Key Features of Spark Streaming

  1. Real-time Processing – Processes data streams in near real-time with minimal latency.

  2. Integration – Works seamlessly with Kafka, Flume, HDFS, Cassandra, and more.

  3. Scalability – Built on Spark’s distributed computing model.

  4. Fault Tolerance – Ensures recovery of lost data using lineage and checkpointing.

  5. Unified Engine – You can run batch, interactive, and streaming jobs in the same Spark application.

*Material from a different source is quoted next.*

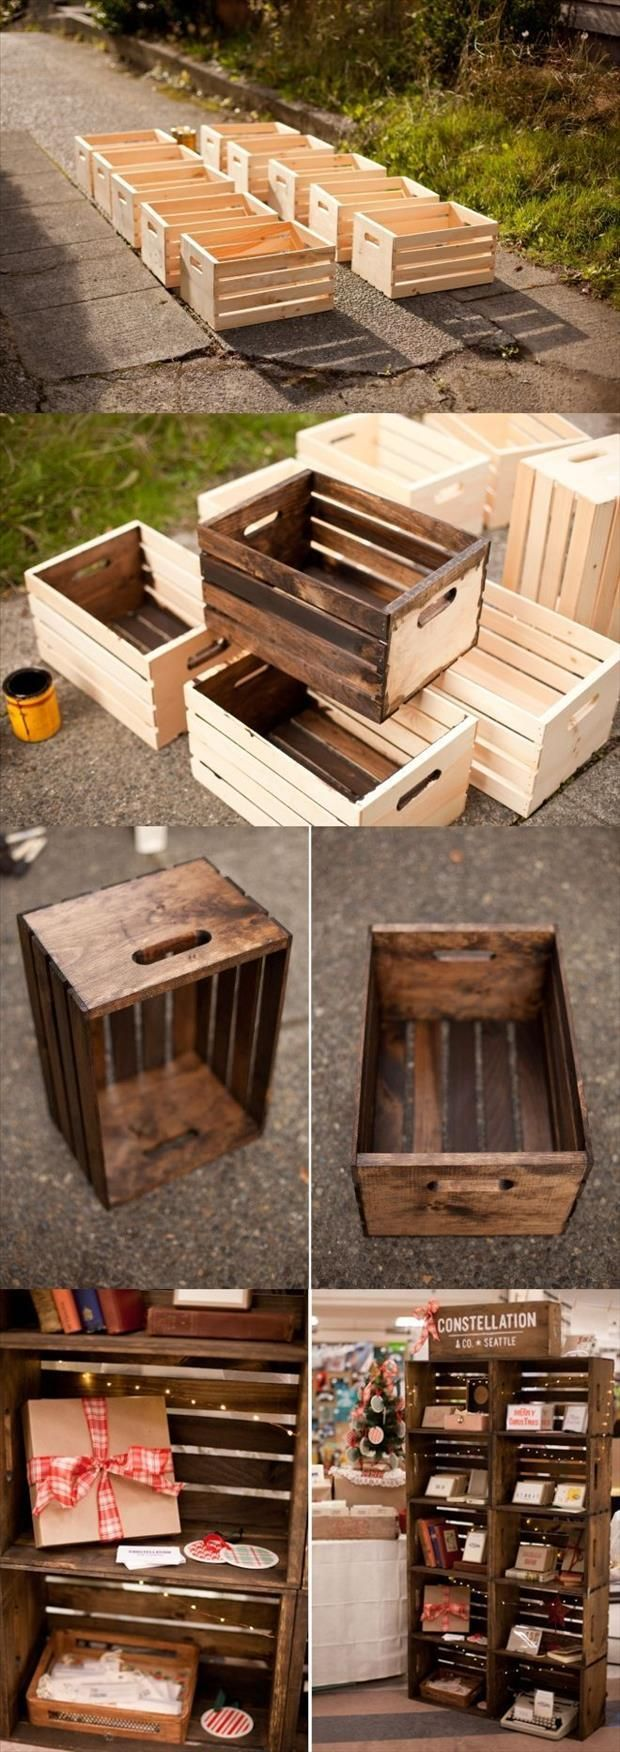 Pallet Kitchen Table With Storage

🔹 Example: Word Count in Spark Streaming

Here’s a simple Python example using Spark Streaming that reads text data from a TCP socket and performs word count in real time.

Step 1: Import Libraries

from pyspark import SparkContext
from pyspark.streaming import StreamingContext

Step 2: Create Spark Context and Streaming Context

# Create a local StreamingContext with 2-second batch interval
sc = SparkContext("local[2]", "NetworkWordCount")
ssc = StreamingContext(sc, 2)

Step 3: Connect to Data Stream (Socket)

# Connect to localhost:9999 for streaming data
lines = ssc.socketTextStream("localhost", 9999)

Step 4: Transform and Process Data

# Split lines into words
words = lines.flatMap(lambda line: line.split(" "))

# Count each word
word_counts = words.map(lambda word: (word, 1)).reduceByKey(lambda a, b: a + b)

Step 5: Print Output

# Print the word counts
word_counts.pprint()

Step 6: Start Streaming

# Start and await termination
ssc.start()
ssc.awaitTermination()

✅ Now, if you run a netcat server using:

nc -lk 9999

and type words, Spark Streaming will count them in real time.


🔹 Real-World Use Cases of Spark Streaming

  • Fraud Detection in banking transactions.

  • Real-time Recommendation Engines for e-commerce.

  • Log Monitoring for servers and applications.

  • IoT Data Processing for sensor streams.

  • Social Media Analytics like sentiment tracking on Twitter.


🔹 Conclusion

Spark Streaming is one of the most powerful tools for real-time data processing. With its micro-batch model, fault tolerance, and seamless integration with other big data tools, it has become a go-to choice for developers and data engineers.

By learning Spark Streaming, you can build real-time applications that scale efficiently and handle live data with ease.

  • DStreams: Old approach, uses RDDs, micro-batch only, simpler but less powerful.

  • Structured Streaming: Modern approach, DataFrame/Dataset API, low latency, recommended for new projects.

For most modern use cases, Structured Streaming is the best choice due to its scalability, performance, and ease of integration.